Using the awk and wc commands, work out how many genes are significantly differentially expressed (i.e. adjusted p-value < 0.05) for each of the four comparisons in deseq2-results.tsv.

# inf_5dpf_hom_vs_sib
awk '$3 < 0.05' deseq2-results.tsv | wc -l
2522
# uninf_3dpf_hom_vs_sib
awk '$6 < 0.05' deseq2-results.tsv | wc -l
262
# uninf_5dpf_hom_vs_sib
awk '$9 < 0.05' deseq2-results.tsv | wc -l
633
# uninf_7dpf_hom_vs_sib
awk '$12 < 0.05' deseq2-results.tsv | wc -l
2459

Using the cut command, make four separate files, each of which contains just one of the comparisons. So each file will contain Ensembl ID, p-value, adjusted p-value, log2 fold change, chromosome, start, end, strand, biotype, name, description, 24 count columns and 24 normalised count columns. Keep these four files because you’ll need them for later exercises.

cut -f1,2-4,14-20,21-44,117-140 deseq2-results.tsv > inf_5dpf_hom_vs_sib.tsv
cut -f1,5-7,14-20,45-68,141-164 deseq2-results.tsv > uninf_3dpf_hom_vs_sib.tsv
cut -f1,8-10,14-20,69-92,165-188 deseq2-results.tsv > uninf_5dpf_hom_vs_sib.tsv
cut -f1,11-13,14-20,93-116,189-212 deseq2-results.tsv > uninf_7dpf_hom_vs_sib.tsv

Filter the four files you have made using awk so that they only contain the significantly differentially expressed genes. Keep these four files as well.
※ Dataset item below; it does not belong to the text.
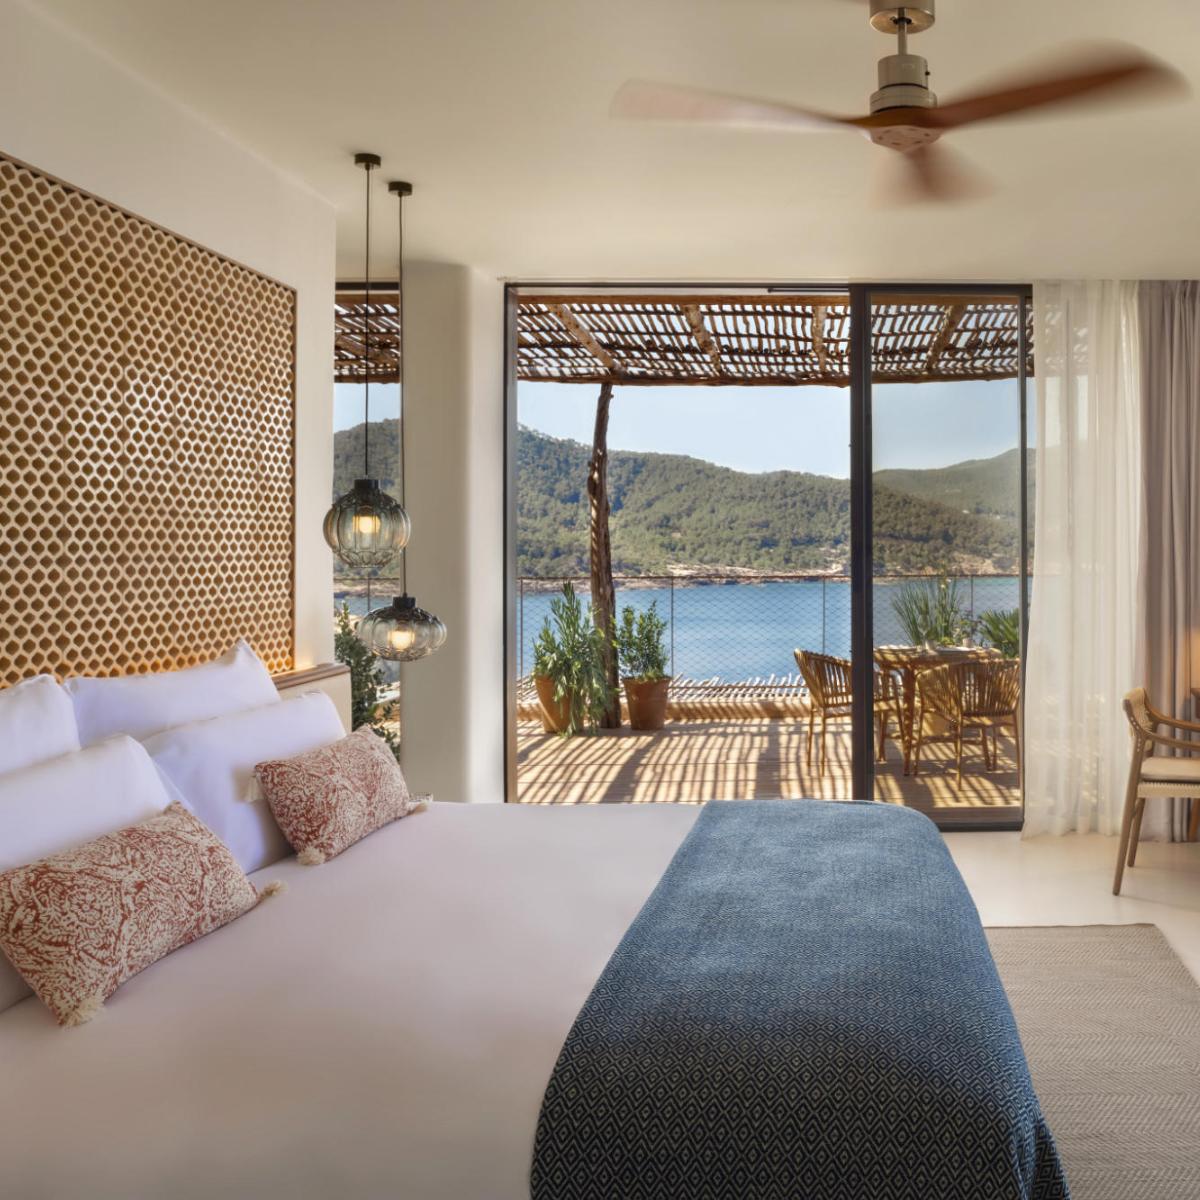 Six Senses Ibiza Room with Terrace

head -1 inf_5dpf_hom_vs_sib.tsv > inf_5dpf_hom_vs_sib.sig.tsv
awk '$3 < 0.05' inf_5dpf_hom_vs_sib.tsv >> inf_5dpf_hom_vs_sib.sig.tsv
head -1 uninf_3dpf_hom_vs_sib.tsv > uninf_3dpf_hom_vs_sib.sig.tsv
awk '$3 < 0.05' uninf_3dpf_hom_vs_sib.tsv >> uninf_3dpf_hom_vs_sib.sig.tsv
head -1 uninf_5dpf_hom_vs_sib.tsv > uninf_5dpf_hom_vs_sib.sig.tsv
awk '$3 < 0.05' uninf_5dpf_hom_vs_sib.tsv >> uninf_5dpf_hom_vs_sib.sig.tsv
head -1 uninf_7dpf_hom_vs_sib.tsv > uninf_7dpf_hom_vs_sib.sig.tsv
awk '$3 < 0.05' uninf_7dpf_hom_vs_sib.tsv >> uninf_7dpf_hom_vs_sib.sig.tsv

The rest of this practical uses R, so open RStudio and load the tidyverse packages:

library(tidyverse)

Read in the DESeq2 results file:

# assign the results file name to a variable
deseq_results_file <- 'deseq2-results.tsv'

# load data
deseq_results <- read_tsv(deseq_results_file)

Volcano plot

Prepare the data for making a volcano plot. We need to convert the adjusted p-values to -log₁₀(adjusted p-value). Also, we are going to make a new column that marks whether a gene is significantly different or not and another one that shows whether the significant genes are up or down.

# make -log10p column
deseq_results <- 
  mutate(deseq_results, 
        uninf_5dpf_hom_vs_sib_log10p = -log10(uninf_5dpf_hom_vs_sib_adjp))
# make significant column
deseq_results <- 
  mutate(deseq_results, 
          uninf_5dpf_hom_vs_sib_sig = 
           !is.na(uninf_5dpf_hom_vs_sib_adjp) & 
            uninf_5dpf_hom_vs_sib_adjp < 0.05 )
# make factor for up and down genes
deseq_results <- 
  mutate(deseq_results, 
         uninf_5dpf_hom_vs_sib_up_or_down = 
           ifelse(uninf_5dpf_hom_vs_sib_sig & 
                    uninf_5dpf_hom_vs_sib_log2fc > 0, 'Up',
                  ifelse(uninf_5dpf_hom_vs_sib_sig & 
                           uninf_5dpf_hom_vs_sib_log2fc < 0, 'Down',
                         'Not Sig') ) )
# sort by Adjusted pvalue for uninf_5dpf_hom_vs_sib comparison
deseq_results <- arrange(deseq_results, desc(uninf_5dpf_hom_vs_sib_adjp))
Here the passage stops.